N.B. I strongly recommend using private/incognito mode when viewing this performance

>>> Throttled <<<

N.B. I strongly recommend using private/incognito mode when viewing this performance

tl;dr

Summary

What to say about this? First, what is this? This piece is technically a website but I see this as a performance — it should be treated accordingly. Most webpages are increasingly about interaction, and historically the web was built upon the concept of the hyperlink, but this webpage is for watching and reflecting and getting lost in your own thoughts. It runs for a little over 13 minutes.

The performance is theoretically repeatable, but if your browser has taken it upon itself to cache the content (this is likely), it means that the piece is not repeatable — you can’t go back in time. This is an encouragement to sit still and enjoy it, something I personally have a hard time doing with any media, especially one delivered alongside my other primary source of notifications and attention-detractors. Consider it a challenge to go back in time, where pages loaded slowly and one at a time. Think of it like this: tabs in browsers were not a common feature until 2003.

(You can use private browsing mode, and I recommend doing this.)

Next, what is this all about? The subject of the performance is based around telling the story of how the web and I grew up together. We were both born in the late 1980s, then went through essential steps of development like learning how to read and write in the early '90s. Then we went through puberty at the same time, starting in the late 1990s. For me, it involved bouncing around pages of links and free website hosting, using every chat program I could find, and using the computer as much as possible when I wasn’t watching MTV or riding a bike or other things that preteens do. The web, meanwhile, had just taken off its training wheels and exploded into mass North American culture, suddenly everywhere all the time, blossoming so prolific that we colloquially refer to the entire internet as this portion of it. This project is about that. It’s an homage to myself and the other people out there (preteens or not) cobbling together little homes on the web, experimenting and trying new things, while the internet was going through this massive period of growth and transformation, too.

But it's not all flowers and butterflies. We have this viewpoint of the internet as it was, and we look at it with rose-colored glasses, so-to-speak, as if it were an idyllic, wonderful time. But the same internet with quaint homepages lovingly hand-coded with guestbooks and off-the-cuff status updates also hosted rampant advertising, weird scams, malicious behavior, and honestly just a lot of junk. I spend a lot of time wearing those nostalgia glasses; it’s a lot of what I do in my career and also as hobby projects (e.g Internet Girlfriend Club), but the web is so much deeper than that. It's not good or bad. It just is. In this sense, it's an anti-homage to both the media cliche of boys frothing over slowly-loading boobs and the onslaught of advertisement and corporate interest eating up any promise of the web.

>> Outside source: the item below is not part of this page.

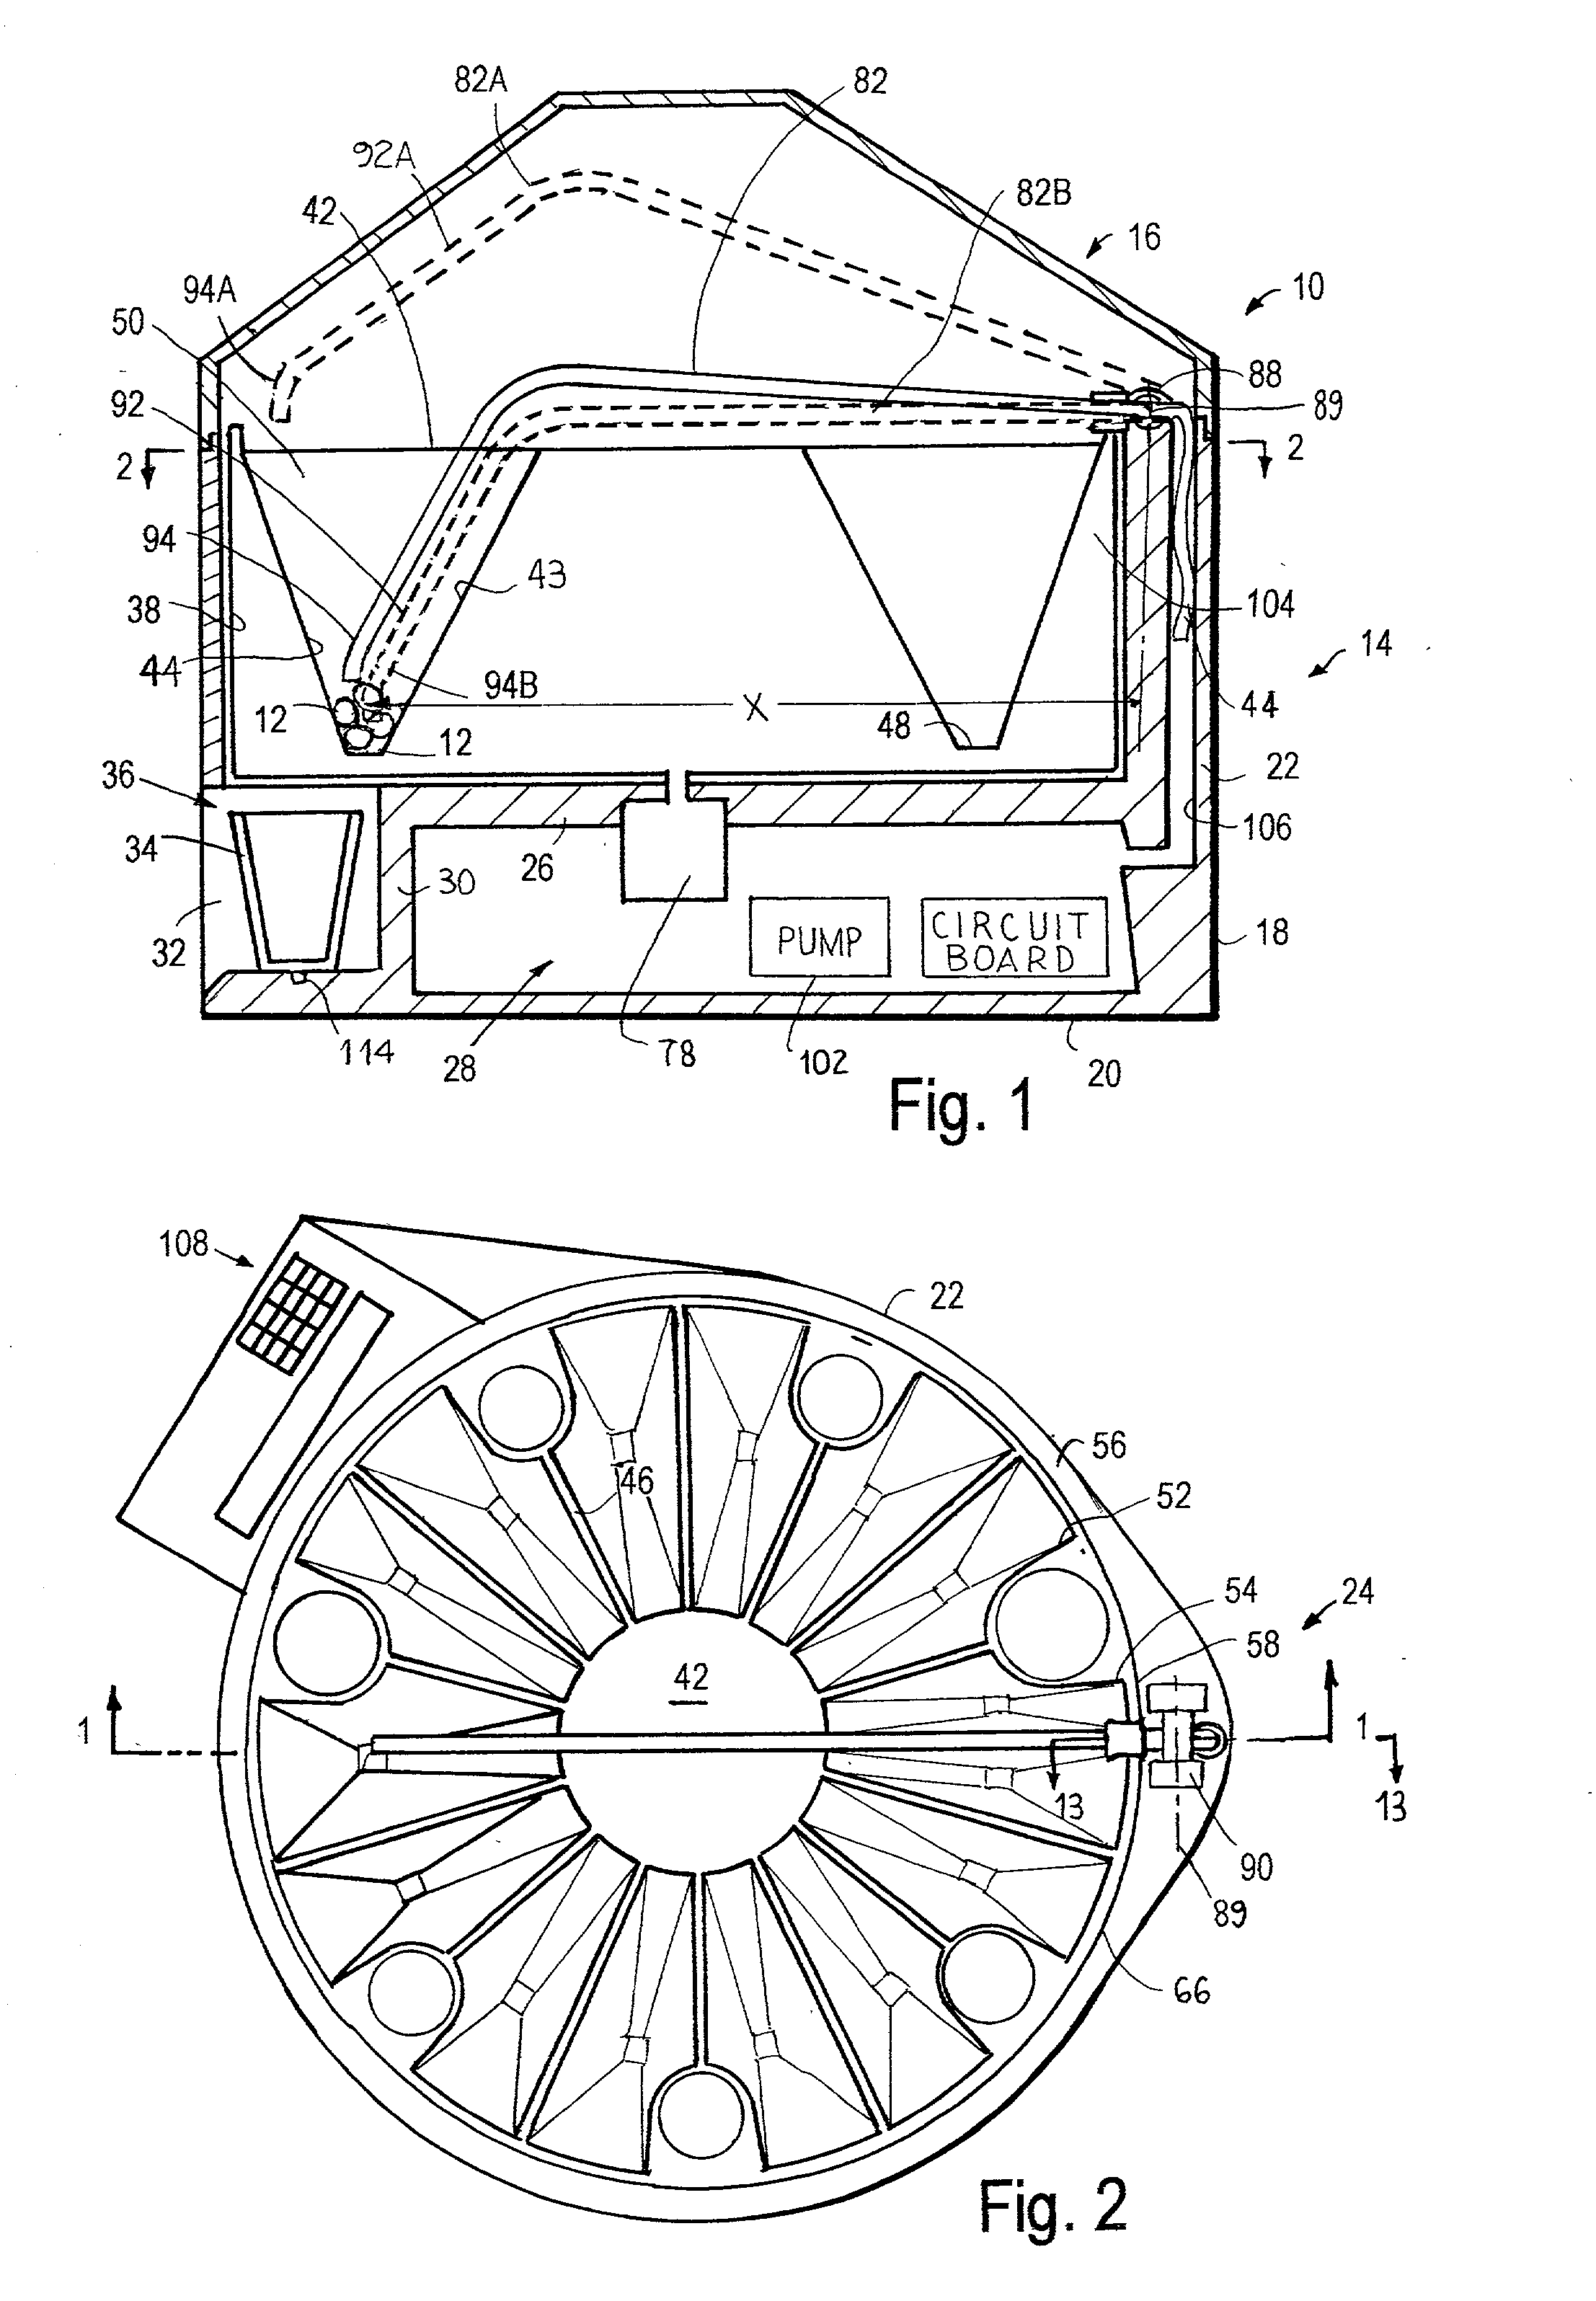 Apparatus and method for dispensing medication

Making this piece was difficult at a certain point in building up the performance. It was really hard to say goodbye. I was surprised at how many emotions it conjured up for me. But that feeling I had fighting against it and being so disappointed after I started, that feeling meant I absolutely had to do it. Art is about conveying emotion, and I hope people get the same feelings from the piece. I want them to feel angry and annoyed, and to wish things could go back to how they were. But you can’t go back. And we can’t go back, in general, to this ethereal beautiful web experience not only because we don’t have time-machines but because it never really existed in the first place, not in such a pure way.

I hope you enjoy this work, or have recently come back to this page after enjoying it. I hope it gives you space to meditate on this thing we use every day, and the role it has played it your life.